Check if a given user has access to access a document in a custom datasource.

cURLpython
Copy
Copied
curl -X POST   https://customer-be.glean.com/api/index/v1/checkdocumentaccess \
  -H 'Authorization: Bearer <Token>' \
  -d '
{
    "datasource": "gleantest",
    "objectType": "EngineeringDoc",
    "docId": "eng-doc-1",
    "userEmail": "myuser@bluesky.test"
}'
Copy
Copied
from glean_indexing_api_client.api import troubleshooting_api
from glean_indexing_api_client.model.check_document_access_request import CheckDocumentAccessRequest
from glean_indexing_api_client.model.check_document_access_response import CheckDocumentAccessResponse
from pprint import pprint

troubleshoot_api = troubleshooting_api.TroubleshootingApi(api_client)
check_document_access_request = CheckDocumentAccessRequest(
    datasource="gleantest",
    object_type="EngineeringDoc",
    doc_id="eng-doc-1",
    user_email="myuser@bluesky.test",
) 

try:
    api_response = troubleshoot_api.checkdocumentaccess_post(check_document_access_request)
    pprint(api_response)
except glean_indexing_api_client.ApiException as e:
    print("Exception when calling TroubleshootingApi->checkdocumentaccess_post: %s\n" % e)

Sample response :

Copy
Copied
{
  "hasAccess": true
}
  • /checkdocumentaccess endpoint returns true if the user corresponding to the specified email has access to the specified document.
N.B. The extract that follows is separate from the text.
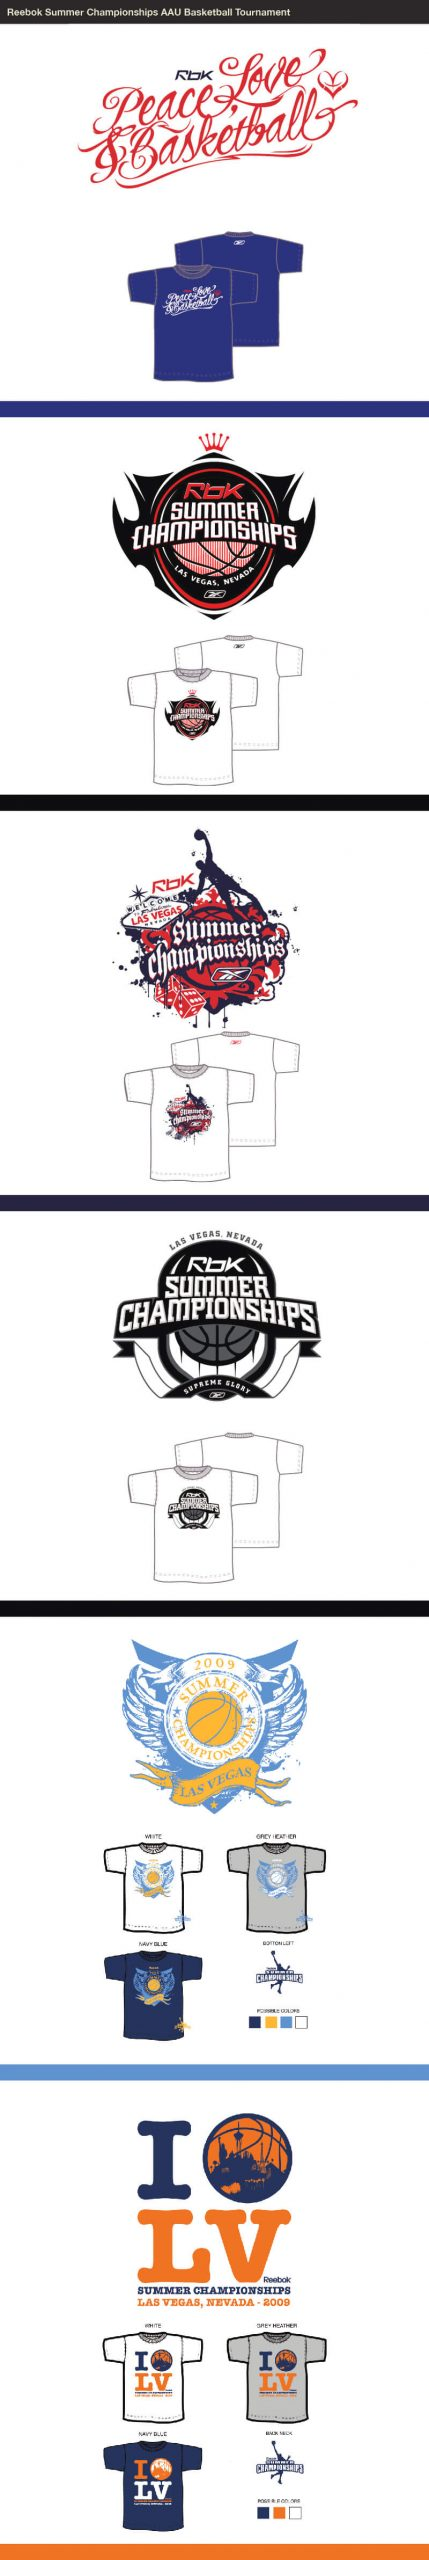 Matt Turney Reebok Summer Championsips Logos

Returns false otherwise.
  • If you expect a user to have access to the document, but the API reports otherwise, make sure document permissions are set properly (refer here (add link here) for documentation on the permissions API).
  • If proper permissions were specified during document indexing and the user still doesn't have access to the document, make sure the user was indexed before document indexing.
  • If the above steps are unable to resolve the issue, contact your Glean representative for help.

Get user count

Fetches user count for the specified custom datasource.

cURLpython
Copy
Copied
curl -X POST   https://customer-be.glean.com/api/index/v1/getusercount \
  -H 'Authorization: Bearer <Token>' \
  -d '
{
  "datasource": "gleantest"
}'
Copy
Copied
from glean_indexing_api_client.api import troubleshooting_api
from glean_indexing_api_client.model.check_document_access_request import CheckDocumentAccessRequest
from glean_indexing_api_client.model.check_document_access_response import CheckDocumentAccessResponse
from pprint import pprint

troubleshoot_api = troubleshooting_api.TroubleshootingApi(api_client)
get_user_count_request = GetUserCountRequest(
    datasource="gleantest",
)

try:
    api_response = troubleshoot_api.getusercount_post(get_user_count_request)
    pprint(api_response)
except glean_indexing_api_client.ApiException as e:
    print("Exception when calling TroubleshootingApi->getusercount_post: %s\n" % e)

Sample response :

Copy
Copied
{
  "userCount": 2500
}
  • /getusercount returns the number of uploaded users for the specified datasource. Note that this can be different from the actual number of users who have access to the datasource since some users might not be indexed due to invalid data.